Update 3. Juni 2019: Die Wahl der Ausschüsse muss wiederholt werden! Die Ostsee-Zeitung hat einen Artikel zur konstituierenden Sitzung veröffentlicht und die Ereignisse dargestellt. Der Artikel ist hier zu erreichen. Demnach sind die Einsprüche zur Durchführung der Wahl zulässig, die wir (Axel Bremer, Volker Venohr, Kristian Karlisch und ich) erhoben haben, nachdem in der Gemeindevertretung falsch abgestimmt wurde. Jetzt muss die Wahl zur Besetzung der Ausschüsse wiederholt werden. Die neue Konstitution soll nun am 29. Juli erfolgen – mitten in der Ferien- und Urlaubszeit.
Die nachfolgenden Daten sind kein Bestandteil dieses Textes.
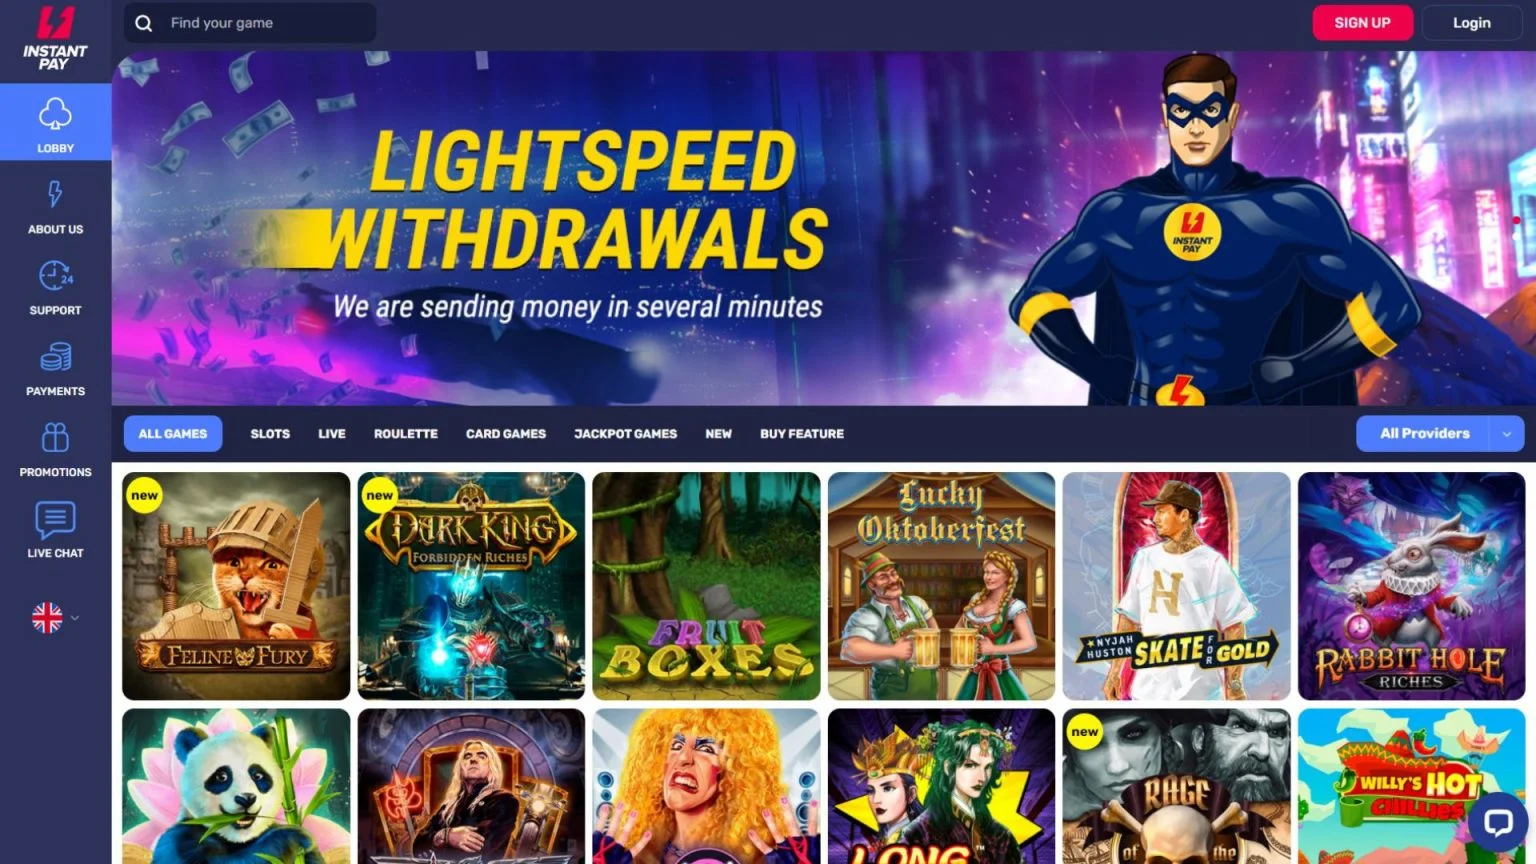 InstantPay Casino Welcomes You with a 100% Bonus up to 100 EUR + 100 Free Spins!

Update 29. Juni 2019: Ich habe am Freitag (28. Juni 2019) die Bürgermeisterin gebeten, die Wahlen der konstituierenden Sitzung der Gemeindevertretung Bobitz zu prüfen und teilweise für ungültig erklären zu lassen. Die fünf Gemeindevertreter Bremer, Venohr, Balow, Karlisch und Höfer haben vor der Gemeindevertretersitzung die Bildung einer Zählgemeinschaft angezeigt. Gemäß §9 der Geschäftsordnung der Gemeinde Bobitz erfolgt die Wahl der Ausschüsse und Vertreter des Amtsausschusses in diesem Fall nach Verhältniswahl.
Das Verhältnis ist 6:5 aus Sicht der BWG (5 Gemeindevertreter plus BWG-Bürgermeisterin).
Dieses Verhältnis ist bei der Wahl des Hauptausschusses (IST 4:1, SOLL 3:2), des Ausschusses für Gemeindeentwicklung, Bau, Verkehr und Umwelt (IST 7:2, SOLL 5:4) sowie der Vertreter im Amtsausschuss (IST 3:0 bzw 2:0, SOLL 2:1 bzw. 1:1) nicht berücksichtigt bzw. wurden die Ausschüsse nicht nach diesem Verhältnis besetzt.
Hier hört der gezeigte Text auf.